Cytokine-dependent Blimp-1 expression in activated T cells inhibits IL-2 production through a negative feedback regulation loop

Date of Award




Degree Name

Doctor of Philosophy (Ph.D.)

First Committee Member

Thomas R. Malek - Committee Chair


IL-2 is essential for T cell expansion and effector cell development in vitro and for the generation and maintenance of Treg cells in vivo. In our attempts to identify differentially expressed molecules dependent on IL-2 in activated T cells, DNA microarray analysis identified Blimp-1 as one such target. Blimp-1 is minimally expressed in naive T cells but highly induced in activated T cells. Time-course experiments indicate that Blimp-1 is induced between 24 and 48 hr after stimulation through TCR and costimulatory molecules.
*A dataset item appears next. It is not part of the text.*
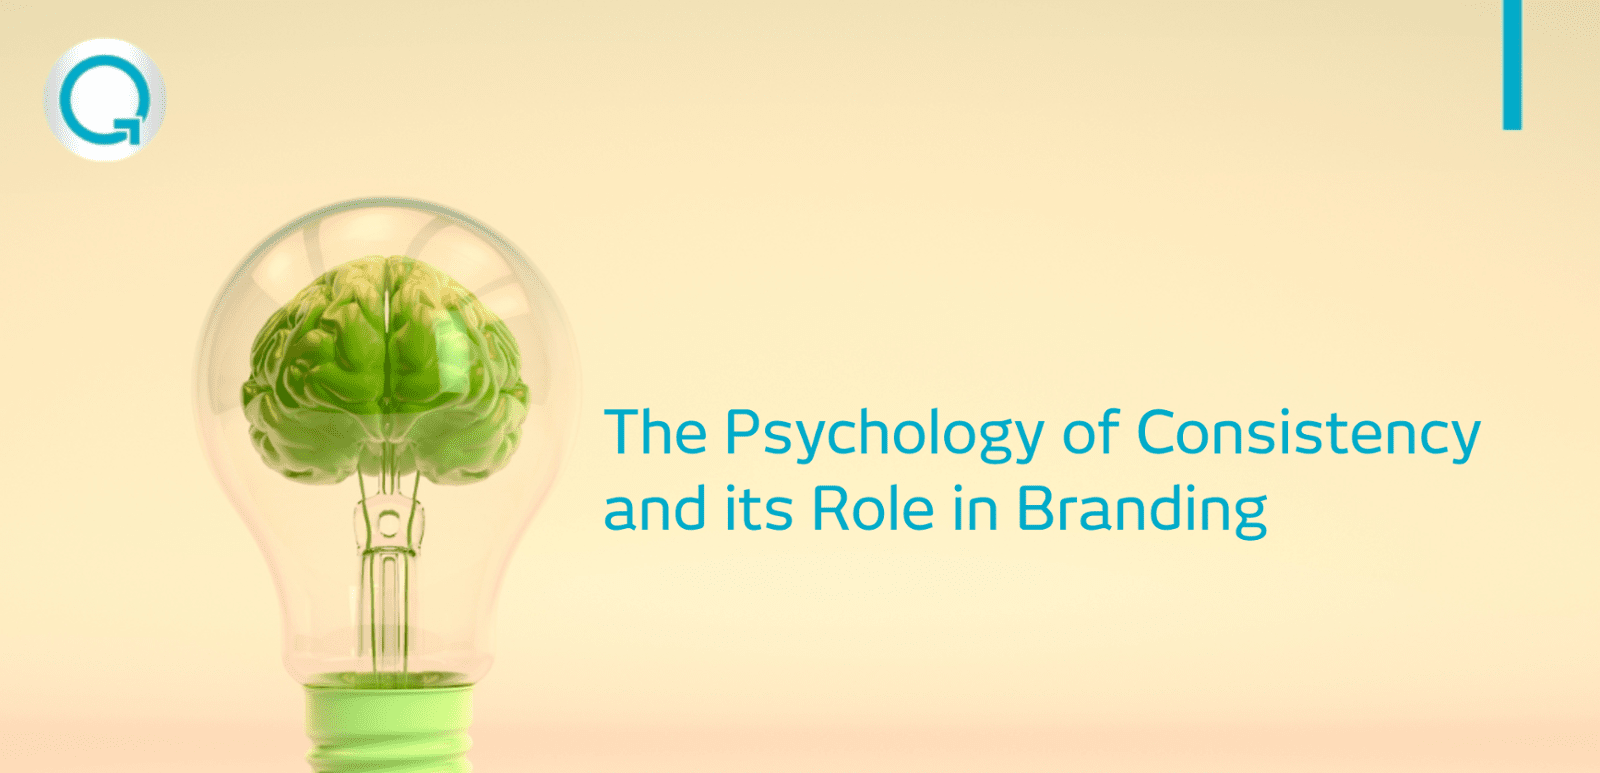 The psychology of consistency and its role in branding

Blimp-1 expression mainly depends on IL-2, as T blasts cultured with anti-IL-2 and activated T cells with defective IL-2Rbeta signaling did not express Blimp-1. This cytokine dependency for Blimp-1 expression is not restricted to IL-2, because exogenous IL-4 or IL-12 also induces Blimp-1, even though to a less extent.For activated T cells that expressed less IL-2, Blimp-1 expression was higher, correlating Blimp-1 with the inability to properly produce IL-2. Activated T cells that were transduced with Blimp-1 produced less IL-2 and inhibited an IL-2 reporter construct consisting of 8.4-kb 5'-upstream DNA sequence of the IL-2 gene, while granzyme B and CD25 expression were somewhat enhanced. These findings indicate that IL-2 inhibits its own production through a Blimp-1-dependent negative feedback regulation loop while promoting a T effector cell phenotype.Of the three major pathways downstream of IL-2, both Stat5 and PI3K, not MAPK, contribute to Blimp-1 induction and IL-2 down-regulation, since ectopic expression of constitutively-active Stat5 enhanced Blimp-1 expression while down regulating IL-2 whereas PI3K inhibitor, not MAPK inhibitor, abolished Blimp-1 expression while increasing IL-2 production. However, Stat5 itself is not sufficient to induce Blimp-1 or down-regulate IL-2 in activated T cells with defective IL-2Rbeta, suggesting that other factors are needed for Stat5 to induce Blimp-1 and subsequently inhibit IL-2.Our discovery that IL-2 controls its own production through a Blimp-1-dependent negative feedback regulation loop helps explain the transient nature of IL-2 production during immune responses. Moreover, as Blimp-1-deficient T cells in vivo exhibit dysregulated T cell homeostasis and autoimmunity, our findings also raise the possibility that improper regulation of IL-2 production may contribute to these pathological abnormalities.